Cation solvation in mixed solvents

Pritam Singh

This thesis is a study of the solution chemistry of copper compared with that of sodium and silver cations in aqueous solvent mixtures, particularly in acetonitrile/water. The results have potential applications in improving the efficiencies of various hydrometallurgical processes and energy storage batteries. The conductivities of copper(I), copper(II), silver and sodium cations in organic/water mixtures change on transfer from water to organic/water mixtures in a way which shows that the ions undergo heteroselective salvation. The salvation shell compositions of these ions are estimated from their conductivity values in acetonitrile/water mixtures. The ionic thermodynamic functions (free energy, enthalpy, entropy and partial molal volumes) of transfer from water to various solvent mixtures reflect specific ion-solvent interactions which have been interpreted in terms of various salvation models.

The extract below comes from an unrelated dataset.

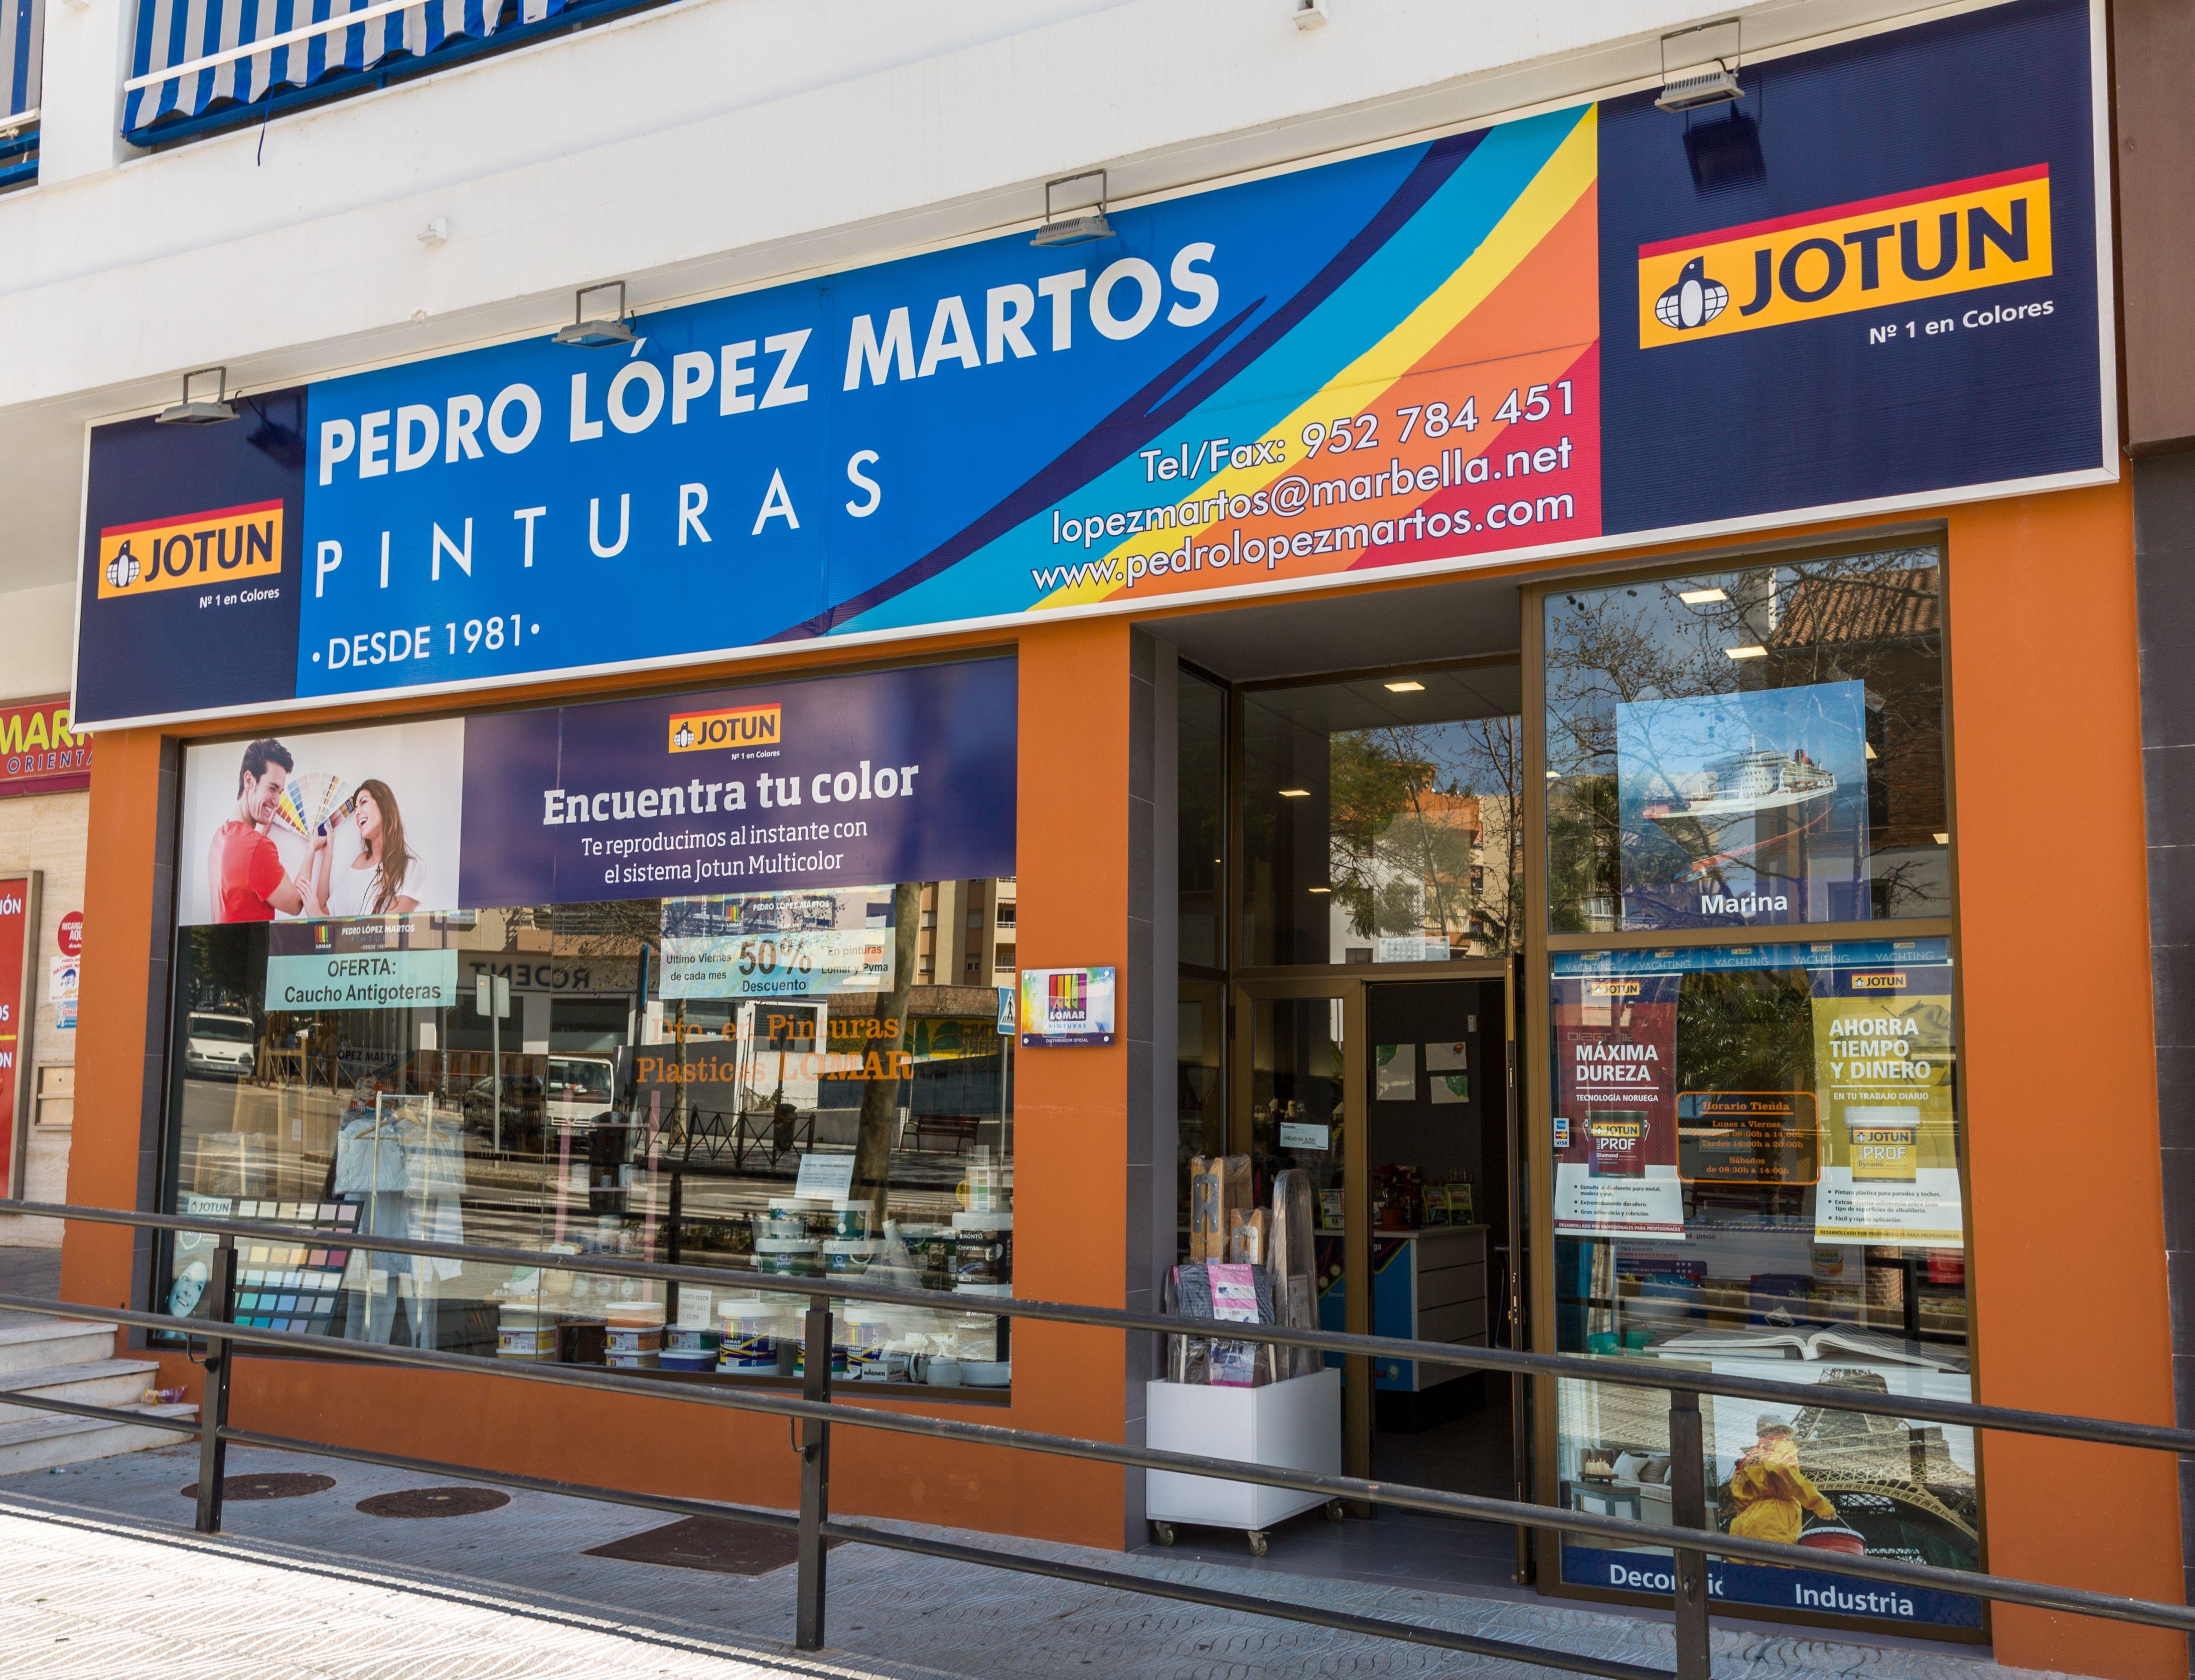 Foto 44 de Pinturas, barnices y papeles pintados en Marbella | Pinturas Pedro López Martos

This information explains the nature of some leaching reactions of hydrometallurgical importance. The kinetics of the electroreduction of copper(II) to copper(I) and copper(I) to copper(O) in acetonitrile/water mixtures show that both of these reductions are fast and reversible on platinum, glassy carbon and mercury electrodes. The standard heterogeneous rates of electron transfer depend on the concentration of acetonitrile, the nature of the electrode material and the chemisorption of acetonitrile on the electrode surface. The knowledge of the solution chemistry of copper ions in acetonitrile/water is used to design and investigate an energy storage battery based on the copper(II)/copper(I) and copper(I)/copper(O) couples.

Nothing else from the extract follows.